* [Task instructions]: For this exercise, return only the lines in the records below from the one holding "screenshot shows message" through the one holding "6 image collage", including both, exactly as they appear and without pictures.

* [Supplied records]:

--------------------------------------------------

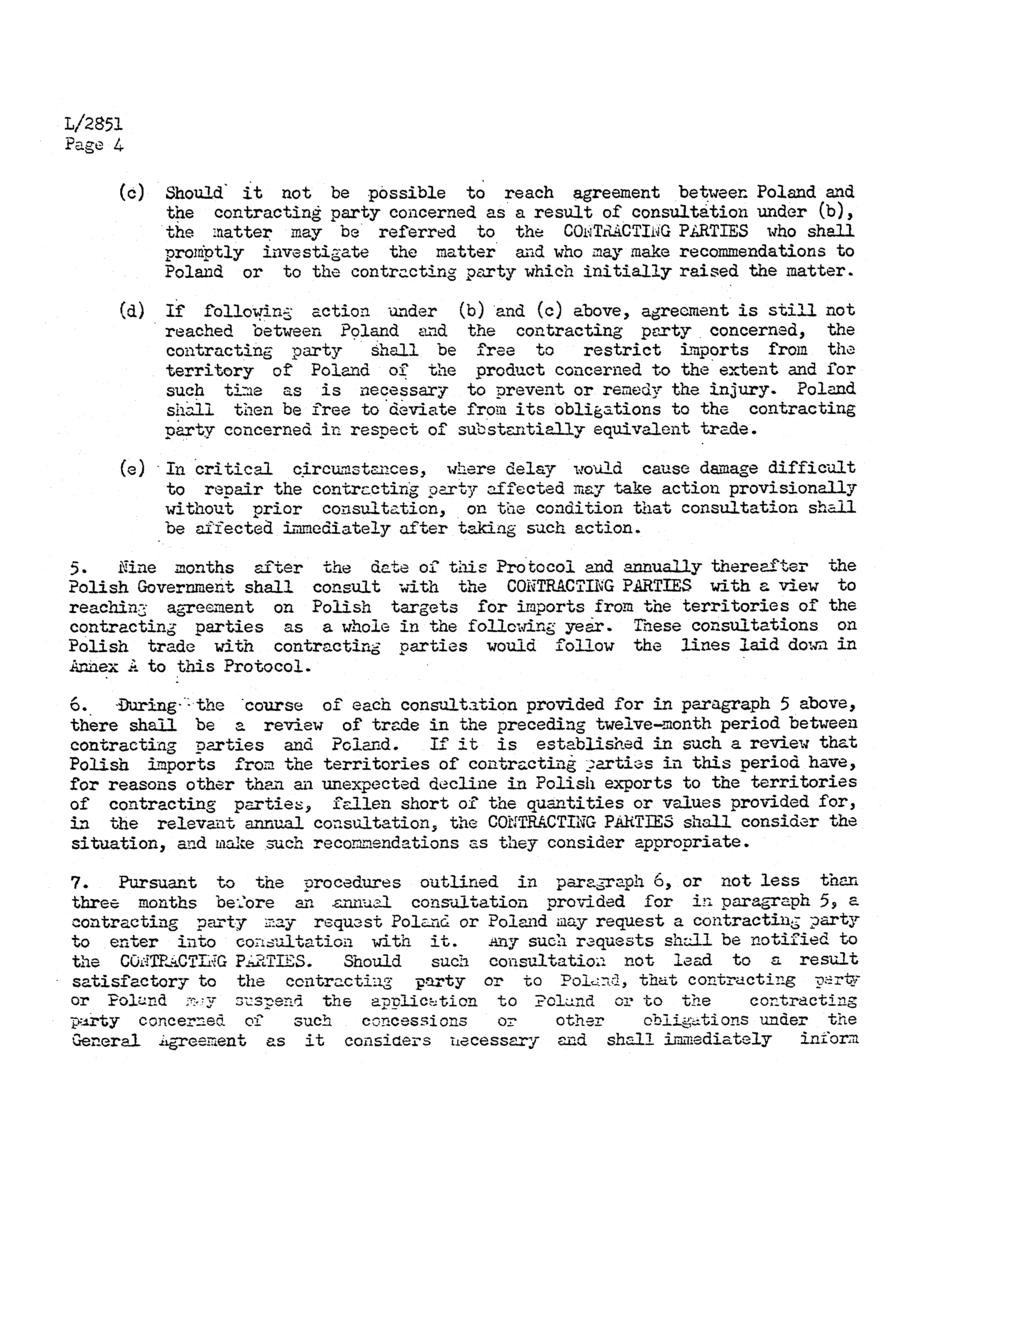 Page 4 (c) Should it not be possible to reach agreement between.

--------------------------------------------------

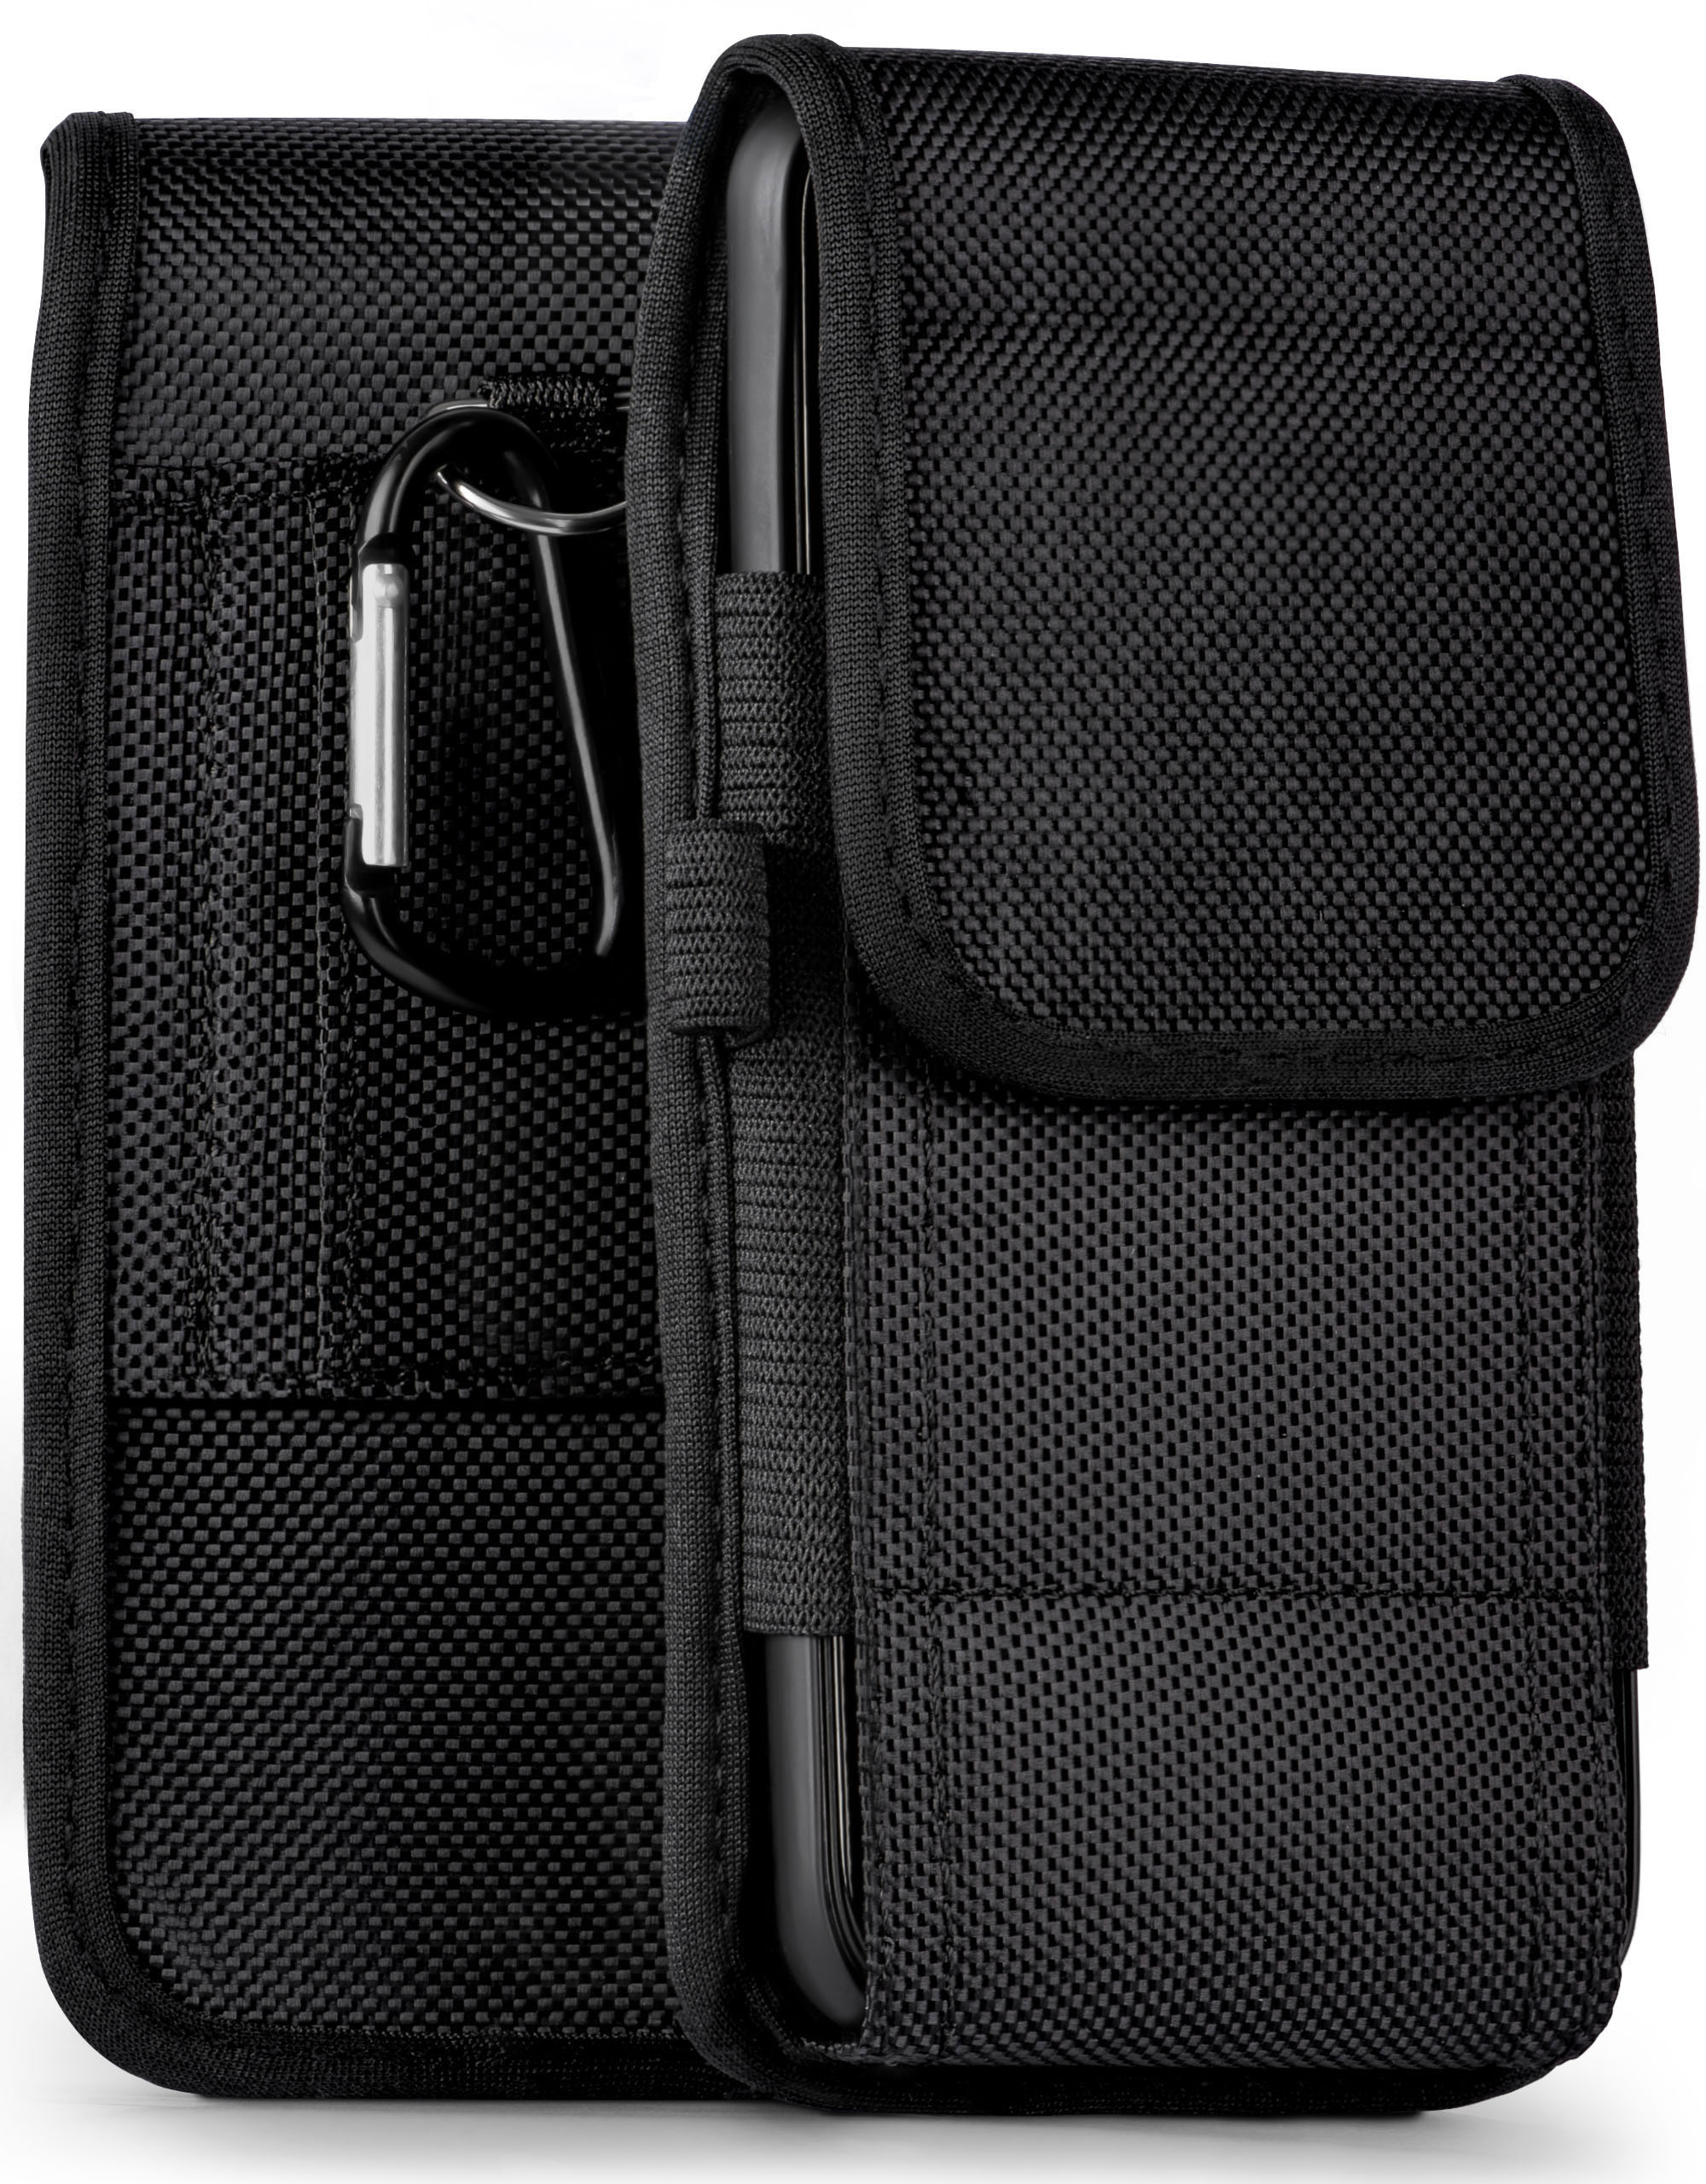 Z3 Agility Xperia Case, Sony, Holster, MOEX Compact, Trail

--------------------------------------------------

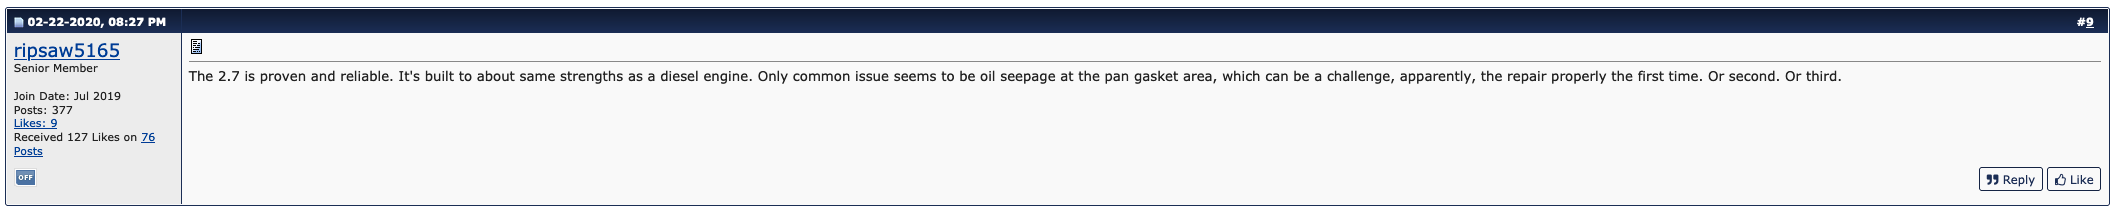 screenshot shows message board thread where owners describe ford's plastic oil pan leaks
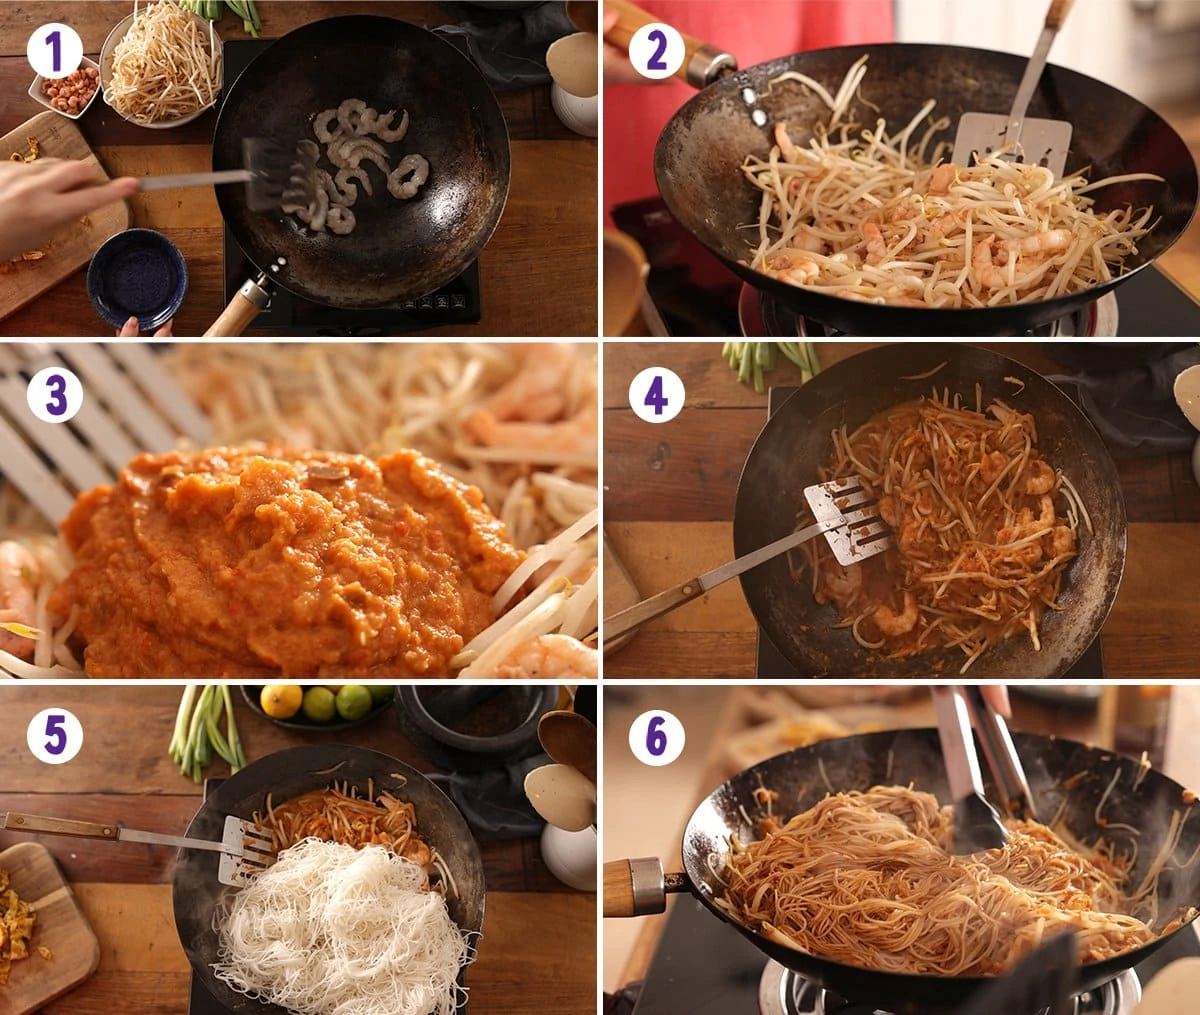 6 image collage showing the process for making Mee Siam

--------------------------------------------------

* [Exercise answer]:
 screenshot shows message board thread where owners describe ford's plastic oil pan leaks
 6 image collage showing the process for making Mee Siam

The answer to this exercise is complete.